COL-3 is an oral, lipophilic,
tetracycline analog that has been administered to patients with metastatic
cancer. Preliminary assessment of
COL-3 in 35 patients with refractory metastatic
carcinoma demonstrated apparent nonlinear pharmacokinetics with highly variable oral clearance (63.9% coefficient of variance [CV]). To elucidate possible sources of variability of
COL-3 pharmacokinetics in vivo, in vitro
plasma protein binding and in vitro metabolism were explored along with in vivo pharmacokinetics using compartmental modeling.
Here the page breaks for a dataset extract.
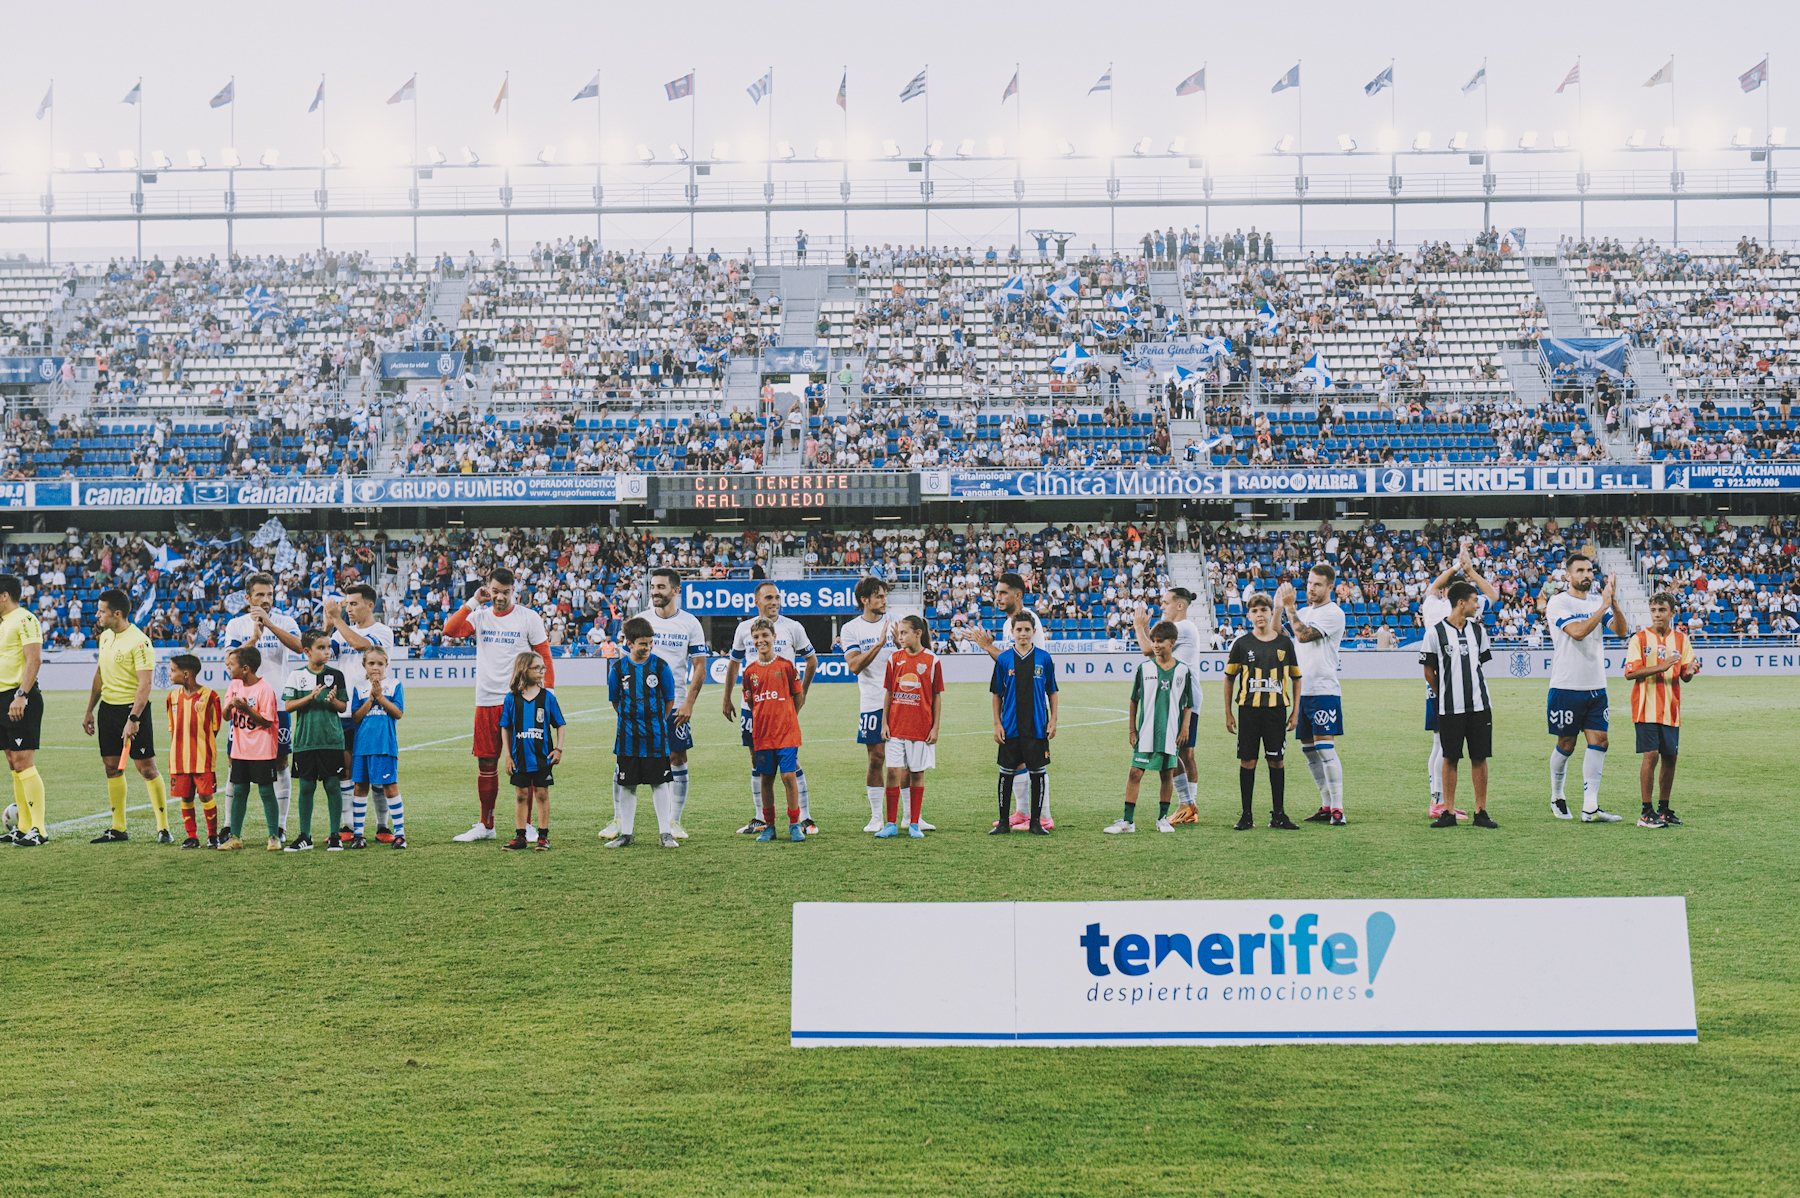 El CD Tenerife salió al terreno de juego junto a niños/as de los clubes con convenio

The variability in the overall clearance and urinary excretion of
COL-3 was also assessed.
COL-3 had a long terminal half-life (median = 59.8 h), large apparent volume of distribution (median = 50.2 L), and low apparent clearance (median = 9.93 mL/min). Only adjusted ideal body weight decreased the variability in total apparent clearance. There was nonsaturable
plasma protein binding of
COL-3 (fu = 5.5%), with the majority of binding to
albumin. The renal route of elimination is negligible, with 0.06% of unchanged
COL-3 and 3.31%
COL-3 glucuronide excreted in the first 6 days.
COL-3 is not metabolized by phase I metabolism but does undergo glucuronidation in vitro by UGT1A1, UGT1A3, UGT1A9, and UGT2B7 and in vivo, as evidenced by
COL-3 glucuronides in the urine (median = 13.6% of the total dose).
COL-3 exhibits nonlinear pharmacokinetics, possibly due to dissolution rate-limited absorption.